Some modifications were made in the present experiment: the samples were clamped with a free-clamping length of 60 mm. A Vic-2D 2010 measurement system (Correlated Solutions Inc.; USA) was set up in front of an Istron 3367 testing machine (Instron Cooperation, USA).

The universal testing machine was manipulated to load slowly and stop for 3 seconds to capture images of the areas of interest at an interval of 0.1 MPa shear stress. The stretch ended when the nominal shear stress reached 5.0 MPa; thus, the camera captured 50 images.

The system performed stepwise correlation analyses for all 50 images. However, only shear strains of 5.0 MPa were included in the analysis, with the underformed state used as a reference image. Post-processing of the strain was conducted using Vic-2D 2010 software, which can give the displacements of the surface and the corresponding strains εxx, εyy, and εxy. Grayscale maps were depicted with Origin8.0 software using the strain values from Vic-2D 2010.

Shear strength test

To investigate the influence of sealing treatments on the specimen’s mechanical properties, shear tensile tests were performed. The samples were sawn to the dimensions required by DIN EN 302-1-2004 (150 mm × 20 mm × 10 mm). However, because the 5 mm-thick veneer is not generally produced by peeling method, a 3 mm-thick veneer was used instead, resulting in final dimensions of 150 mm × 20 mm × 6 mm. A shear strength test was conducted using the universal testing machine with a loading speed of 2.5 mm/min. The samples for dry state testing were subjected to procedure A1, which entailed a 7-day modulation in standard atmosphere. Meanwhile, the samples for wet state testing were subjected to procedure A4, which involved 6 h of soaking in boiling water, followed by 2 h of soaking in water at 20±5 ˚C. Ten replicates were prepared for each treatment.

RESULTS AND DISCUSSION

Shear Strain Distribution on Interphase

Figures 3 and 4 indicate that under a certain load, the shear strain in the areas of interest found in all samples showed the same trend. Along the bond line, the strain was noticeably concentrated at the ends of the overlap area, while it became gradually smaller towards the middle section of the overlap region. Along the vertical direction to the glue line, highly strained zones were observed very close to the bond line (< 1 mm); also, wood substrates had lower shear strain values.

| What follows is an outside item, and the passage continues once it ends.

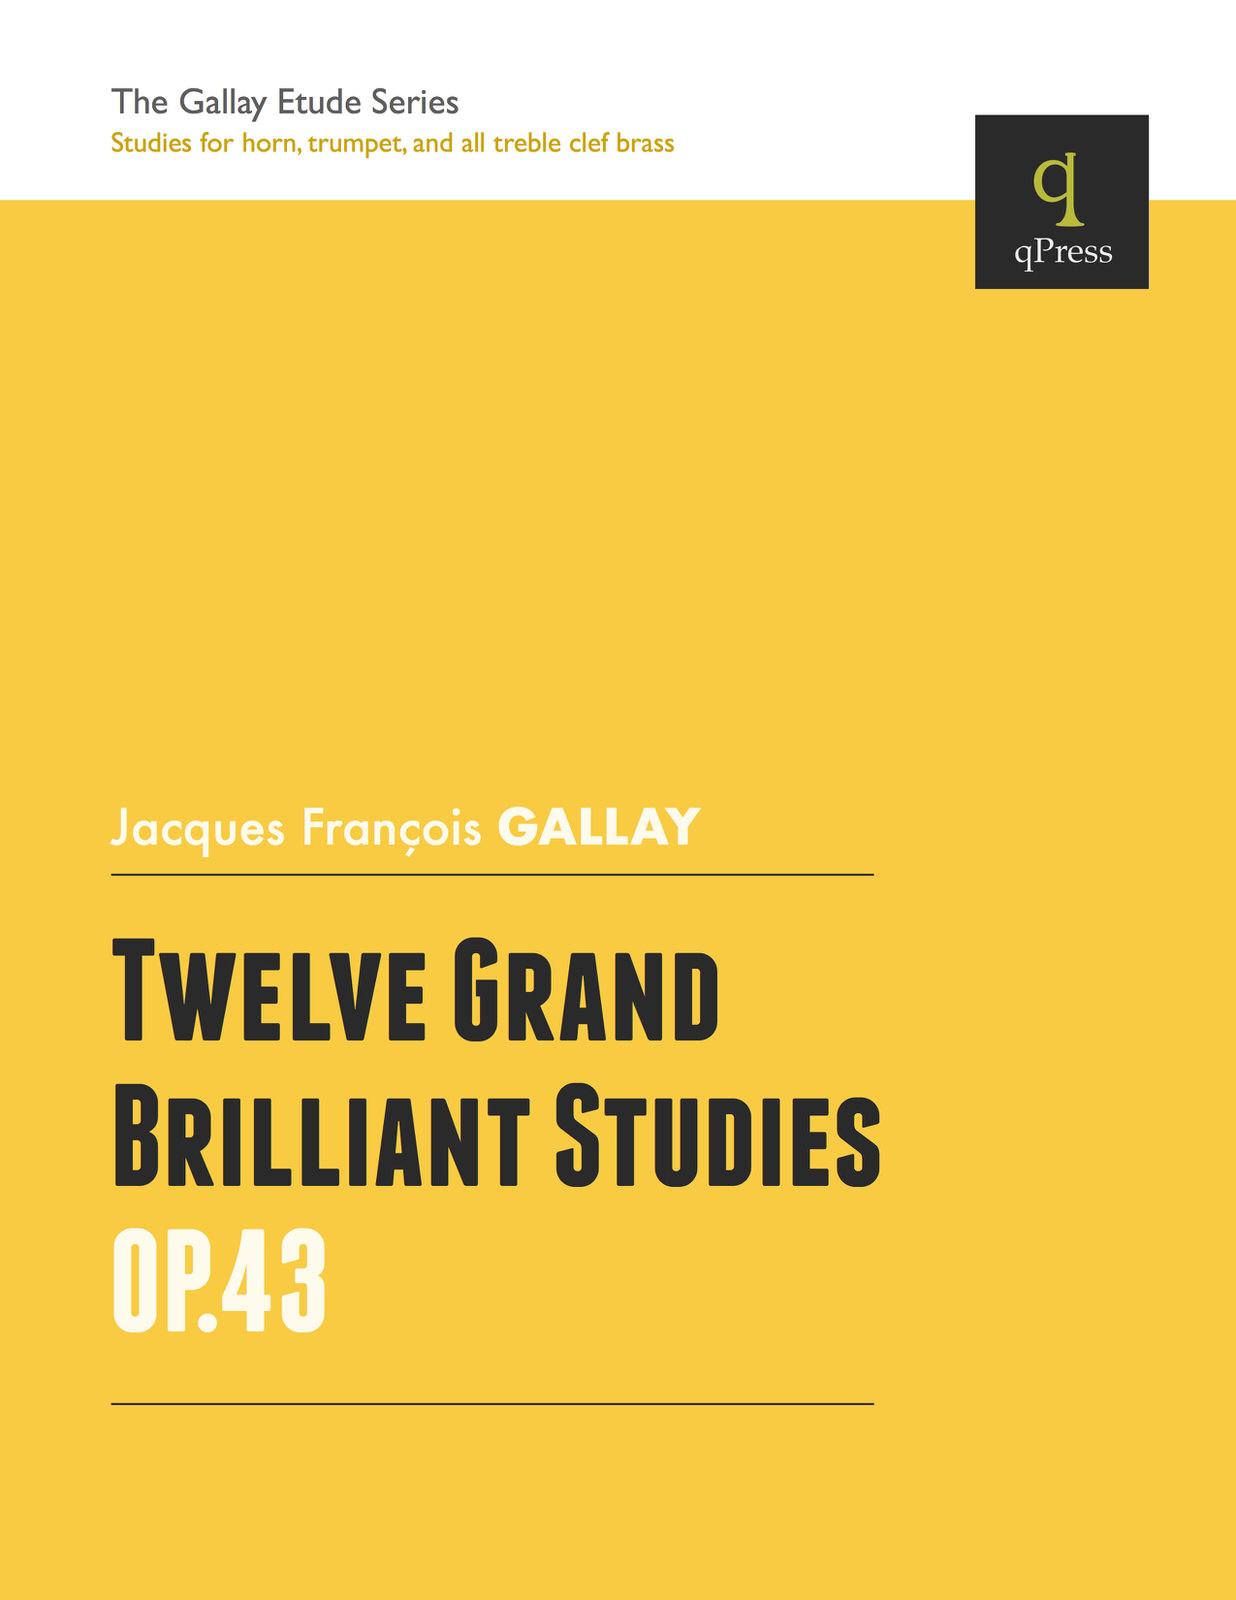 gallay-12-grand-brilliant-studies
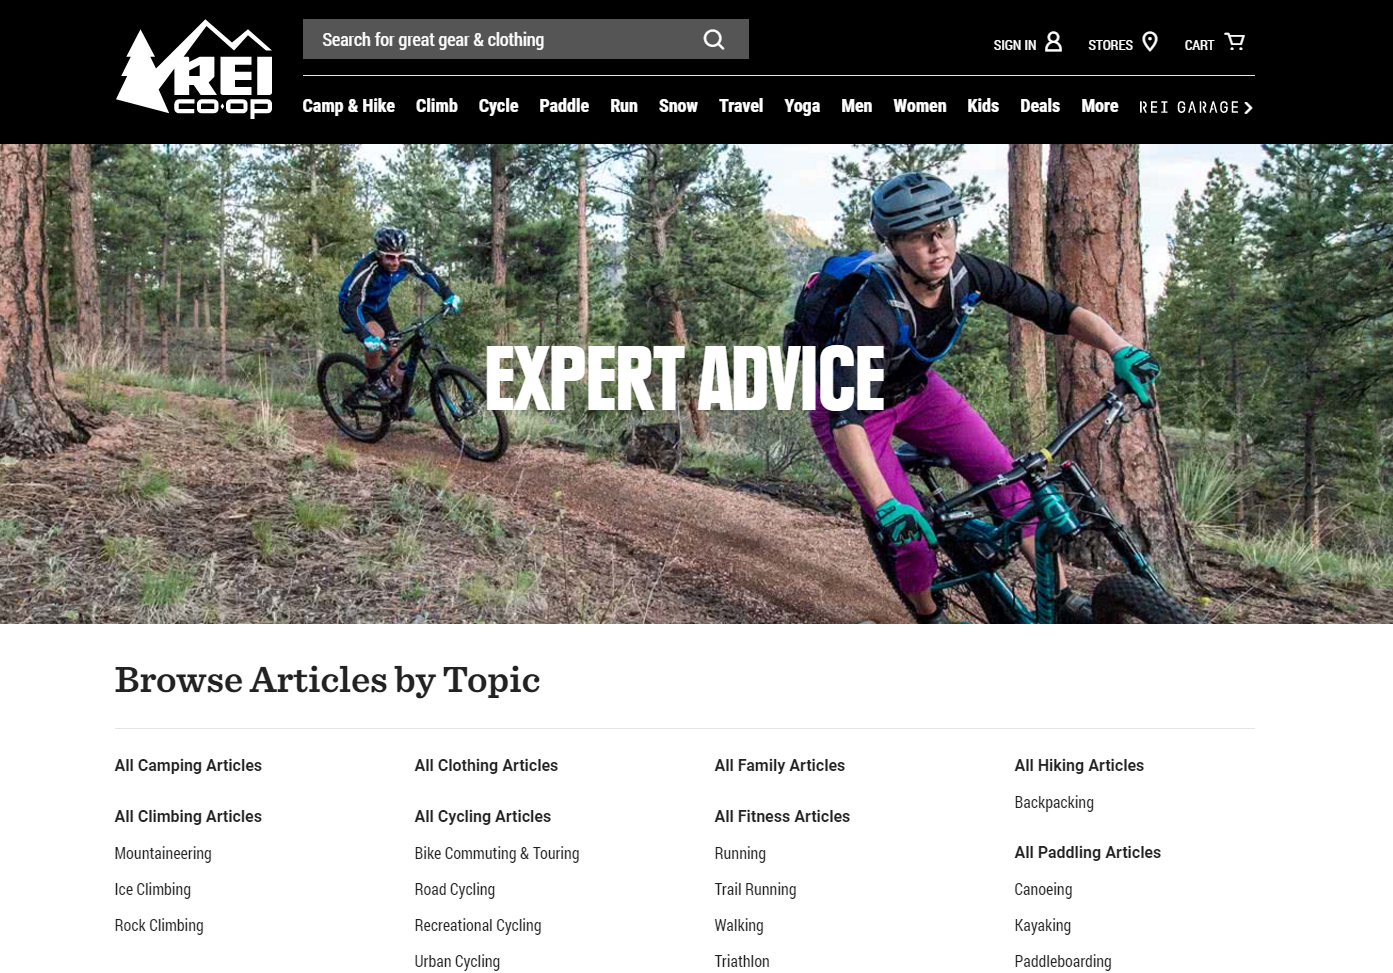 REI provides expert advice

Fig. 3. Shear strain distribution at the interested areas of (a) unsealed samples, (b) samples sealed with gelatinized starch, (c) samples sealed with, gelatinized starch/wood flour mixture, and (d) samples sealed with soy-protein adhesive. The scale bars indicate strains multiplied by 10-3; the white dotted lines denote the glue lines

Fig. 4. Shear strain measured along the glue line of specimens with shear strength of 5.0 MPa

Table 2. Statistical Analysis of Strain Distribution along the Bond Line of Specimens

Overall, the average shear strain in unsealed specimens (Fig. 3a) in the areas of interest was larger than that of the sealed specimens (Figs. 3b, 3c, 3d). Since strain concentration is generated at the ends of the overlap area caused by external loading, strain values between 2 and 8 in the x direction along a bond line (Fig. 4) were used for statistical analysis. As indicated in Table 2, unsealed samples had a strain value between 1.27×10-3 and 2.86×10-3 in the overlap region; however, sealed samples had a strain value between 0.29×10-3(SPAmin) and 2.70×10-3 (GSmax) in the same area. This may be because when lathe checks are present, PF can penetrate excessively into the veneer, leaving the bulk adhesive without enough resin to form a strong bridge with the substrate (Frihart 2005) and thus generating higher strain ranges in the overlap area under load. Once the checks were sealed (owing to the blocking of PF over-penetration), the adhesive layer thickness was guaranteed, and its mechanical strength was enhanced; therefore, the adhesive layer did not deform easily.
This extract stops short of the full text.